Capture d'écran du site de HelloSpy. Image: HelloSpy.

Les logiciels-espions utilisés pour surveiller l'être aimé ou faciliter les 
violences conjugales ne sont pas nouveaux ; ils existent depuis presque 20 ans,
et de nombreux cas impliquent des appareils qui ont été hackés. Mais la plupart
de ces logiciels sont inconnus du grand public, et les autorités ne se sont pas
penchées sur la question.

Au tournant du siècle, des espions utilisaient des programmes pour surveiller 
les gens qui utilisaient des machines Windows. En 2001, Steven Paul Brown avait
installé un logiciel baptisé eBlaster[5] sur l'ordinateur de son ex-femme, qui 
transmettait tout son historique de navigation à Brown par e-mail. En 2006, un 
étudiant informatique anglais de 28 ans a été condamné à la prison à perpétuité
pour avoir tué sa femme à coups de couteau. Il avait préalablement installé un 
logiciel assez sophistiqué[6] pour espionner son ordinateur.

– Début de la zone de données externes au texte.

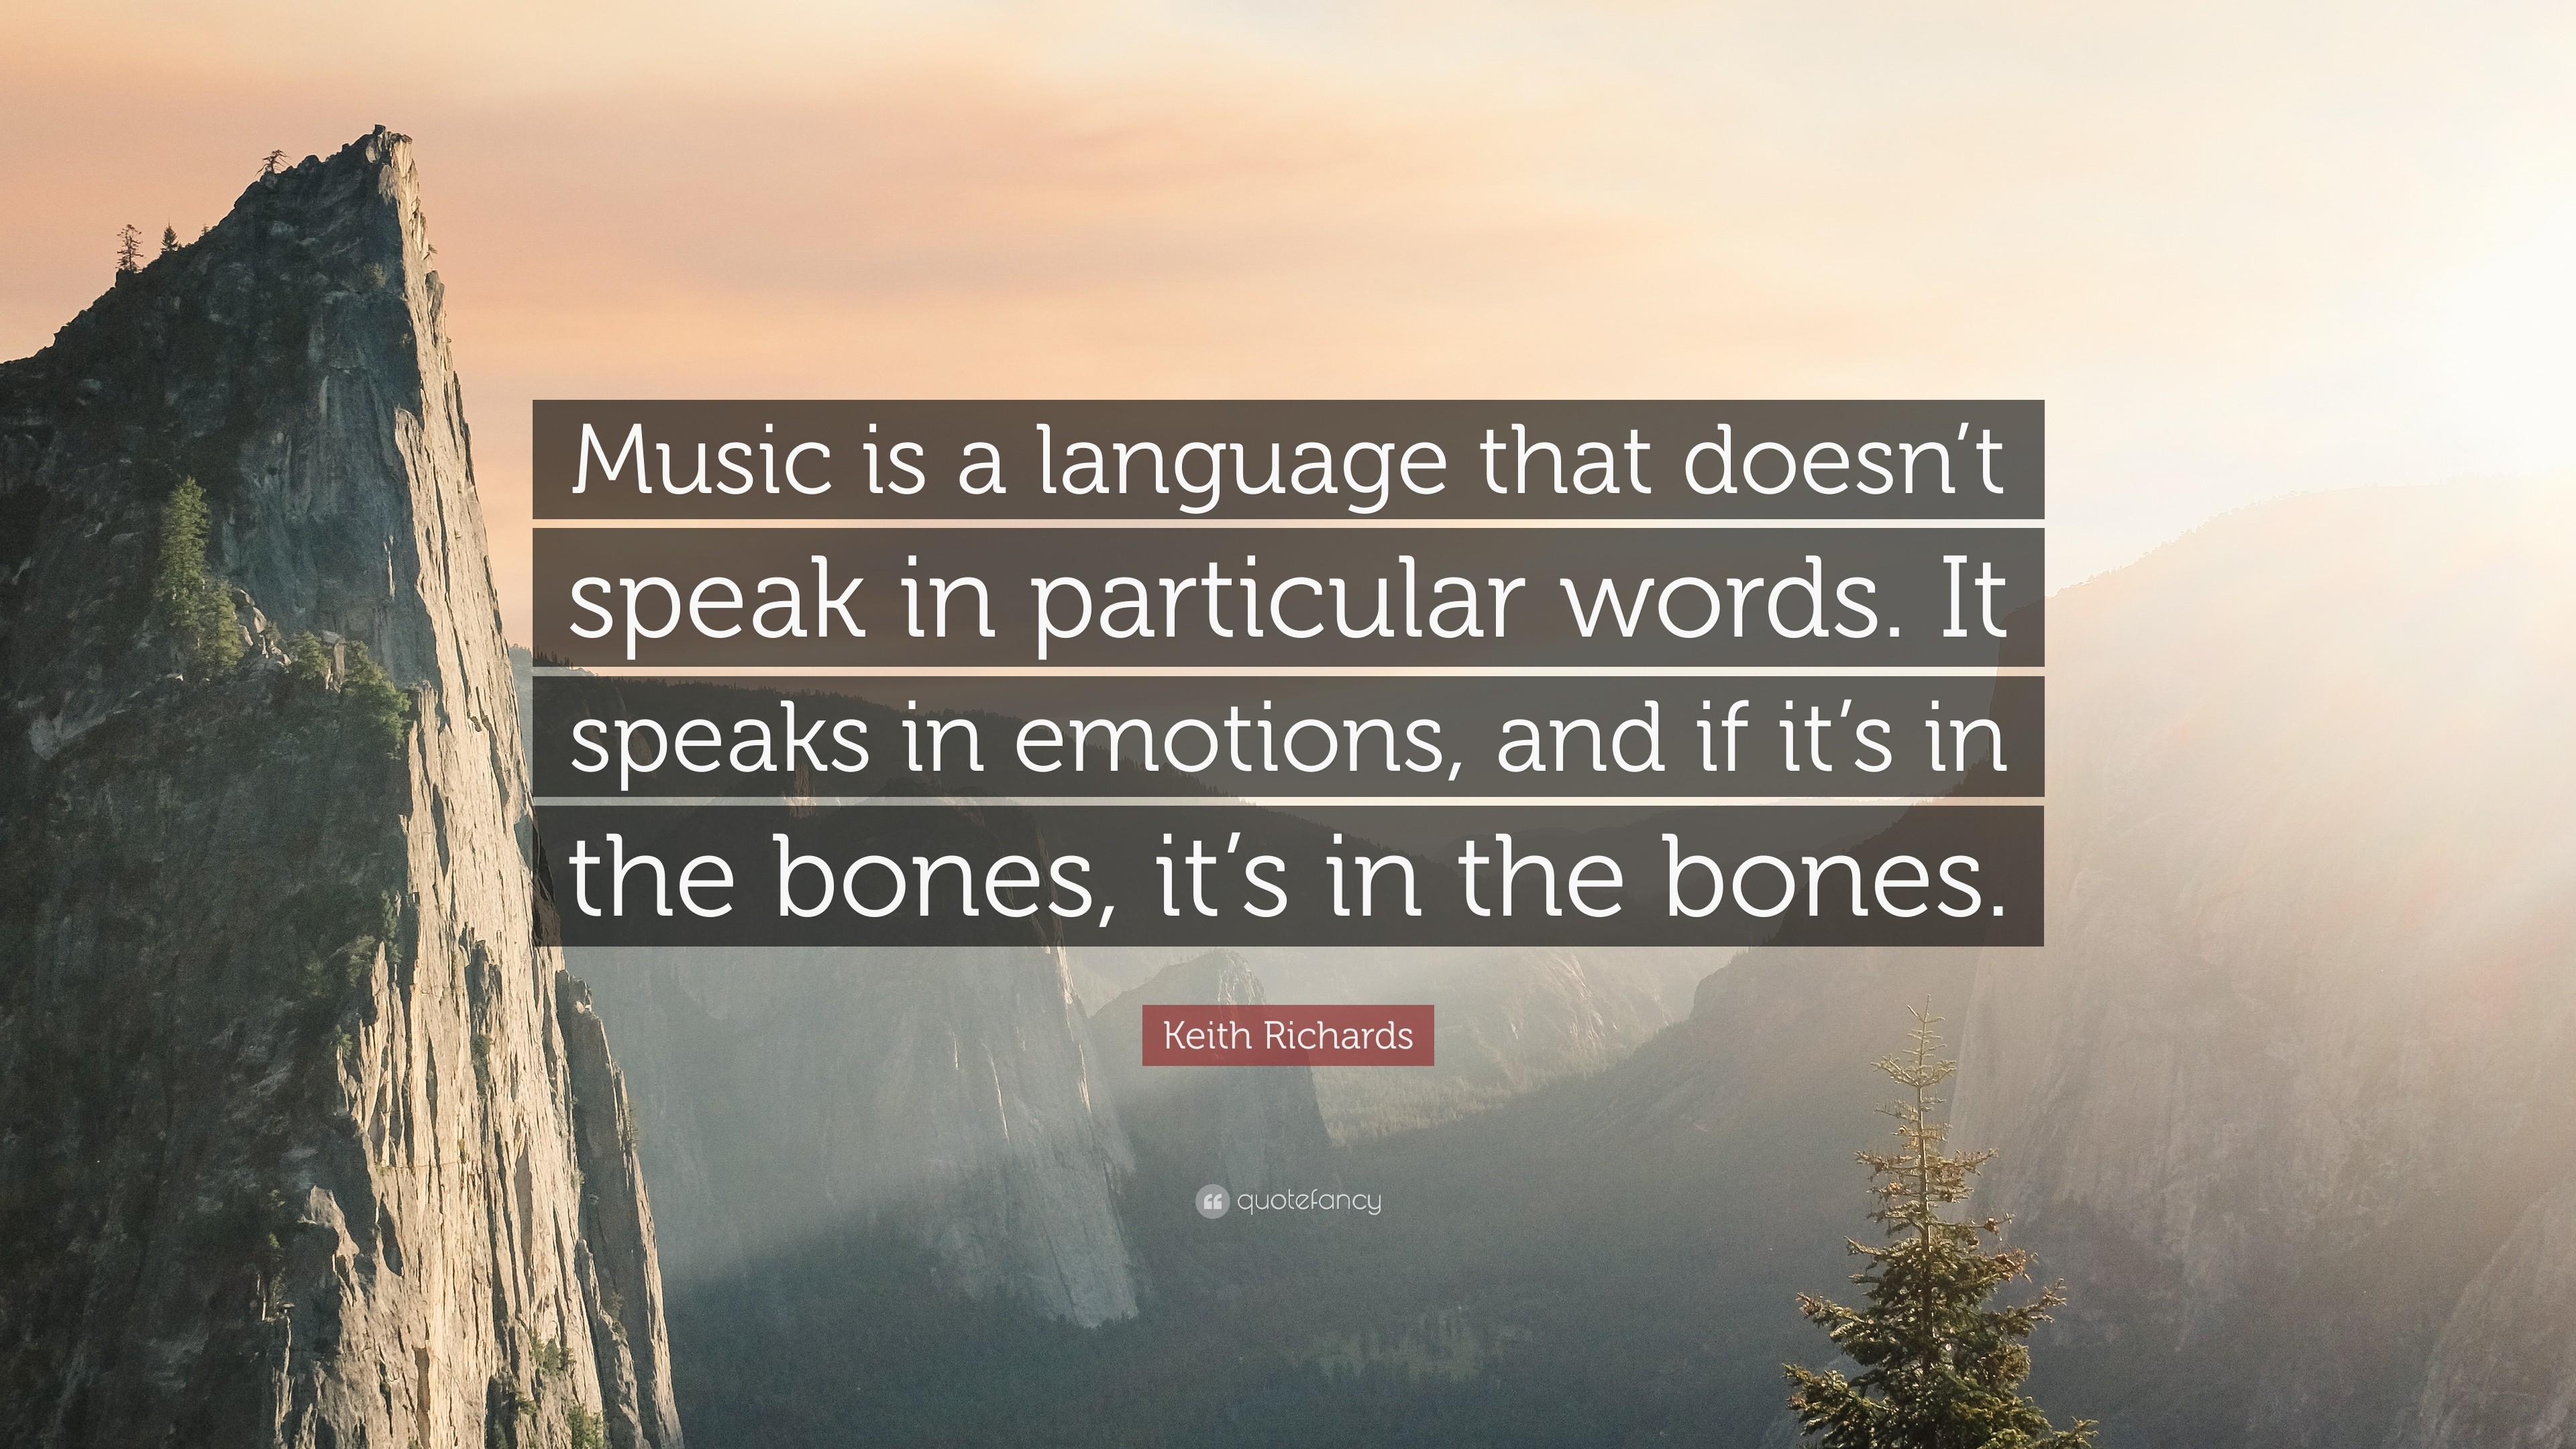 3840x2160 Keith Richards Quote: “Music is a language that doesn't speak in particular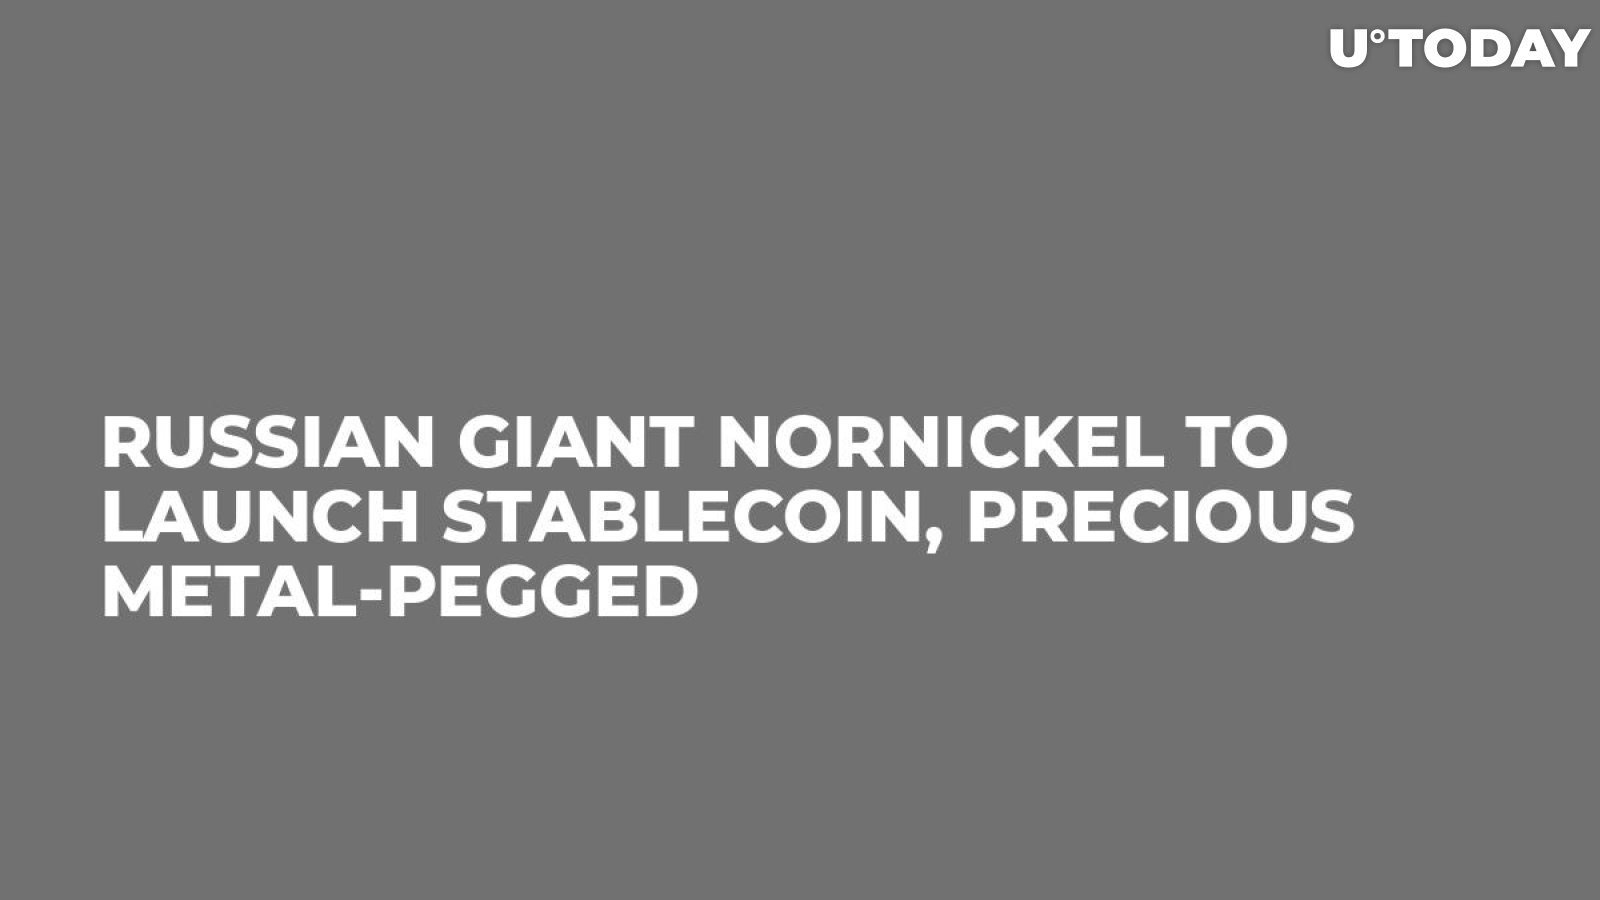 Russian Giant Nornickel to Launch Stablecoin, Precious Metal-Pegged

Un an plus tard, un policier a été accusé d'avoir espionné son ex-petite amie 
grâce à un logiciel créé par Real Tech Spyware. Le logiciel, envoyé à la cible 
en tant que pièce jointe à un mail, enregistrait tout ce qui était tapé sur le 
clavier, donnant ainsi au policier accès au compte e-mail de son ex-copine. 
Selon les médias de l'époque, l'homme avait déjà avoué avoir eu recours à des 
logiciels pour espionner des femmes. Et la même année, un homme d'Austin, au 
Texas, a été condamné à quatre ans de prison[7] pour avoir installé SpyRecon 
sur l'ordinateur de son ex-femme. Le logiciel recensait tous les sites qu'elle 
avait visités et transmettait tous ses messages à son ex-mari.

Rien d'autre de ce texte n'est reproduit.